Wylie, Texas-based Robert Carpenter and Earlham, Iowa-based Stephen William Connolly both filed for second bankruptcies, which the Board says “demonstrated a continued inability to manage…personal finances.” Apparently you’re allowed one bankruptcy, but two is one too many.
Five others also were stripped of their designations, including a Florida advisor who misappropriated clients’ funds and a New York-based advisor with M&T Securities who recommended unsuitable investments to retirees.
Some Knotty Outside Activities
FINRA went after a former Oppenheimer & Co. financial advisor on Monday, claiming Atlanta-based Jeremy Gerald Tintle failed to report risky outside business activities, recommended unsuitable investments and misused customer funds.
The regulator filed a complaint Monday alleging that while with Morgan Keegan from November 2006 to September 2008, Tintle recommended a client invest $1 million in an outside venture that was speculative, illiquid and risky. Further, Tintle failed to report his activities to the firm and the sale was never approved.
FINRA also claims Tintle persuaded clients to withdraw funds for securities purchases, but the broker never applied the client’s money toward the promised purchase. The broker’s alleged theft continued even after he left Morgan Keegan to join Oppenheimer in September 2008.
In its complaint, FINRA is seeking sanctions against Tintle, as well as the disgorgement of any illicit profits.

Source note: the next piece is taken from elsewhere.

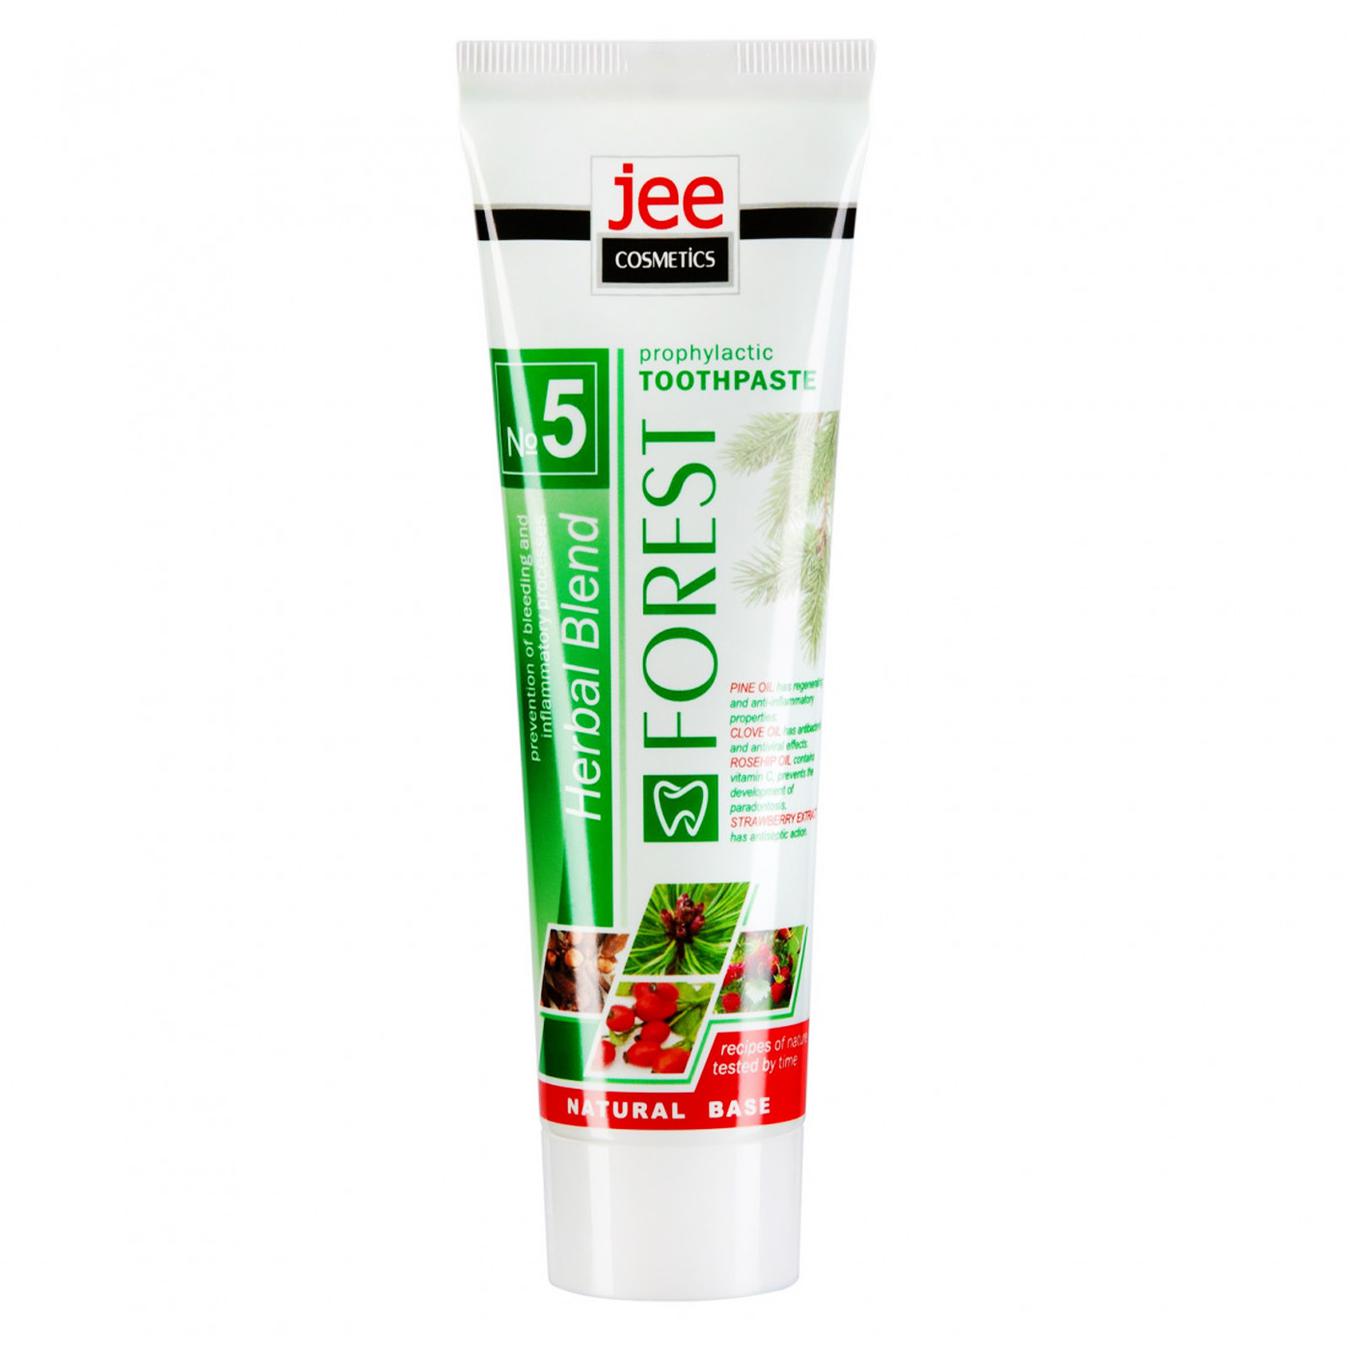 Toothpaste Jee Cosmetics preventive medical collection No. 5 Forest 100 ml

This Little Piggy Goes to Jail
In case you missed it, Brian Anthony Bjork was sentenced to serve a 52-month prison sentence last Friday and ordered to pay $1.1 million in restitution to victims of the “scam within a scam” he helped perpetrate with his partner who eventually committed suicide while under investigation.

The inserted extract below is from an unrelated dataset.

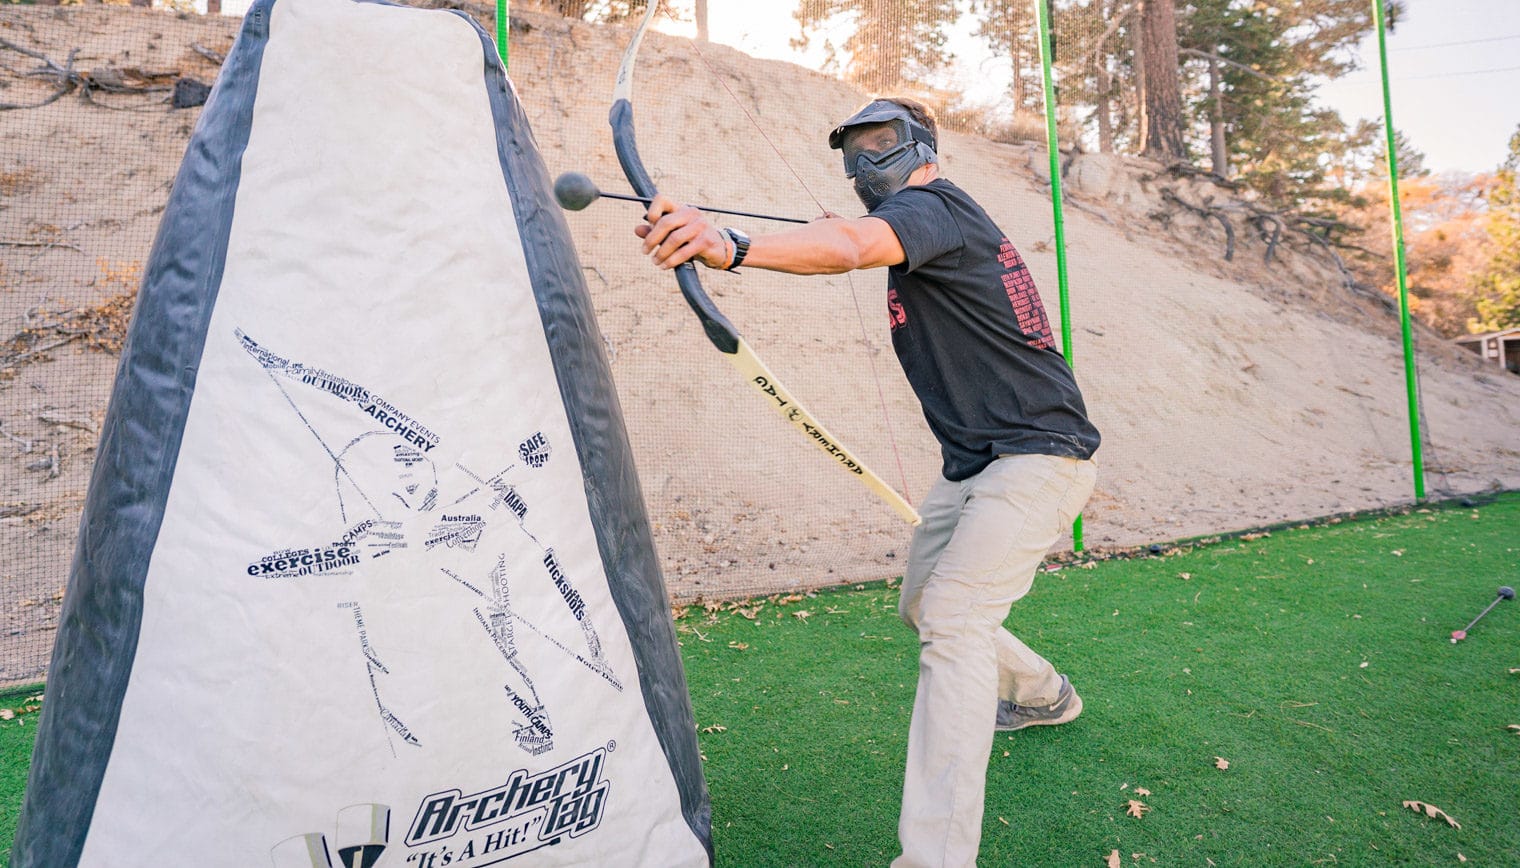 A person aiming a bow and arrow from behind an archery tag barrier.

As reported in REP. Magazine in March, Bjork is the former employee of deceased Friendswood investment  advisor Joel David Salinas—who committed suicide in 2011 after his $50 million bogus bond scam was uncovered.
Prosecutors claimed the Missouri City, Texas-based investment advisor ran a concurrent Ponzi scheme within Salinas’ larger fraud that swindled investors out of more than $1 million.
While working with Salinas, a Feb. 7 complaint alleged Bjork used client investments for pawnshops and corporate bonds to illegally finance his lifestyle and pay off prior investors. Bjork pled guilty to one count of wire fraud in February.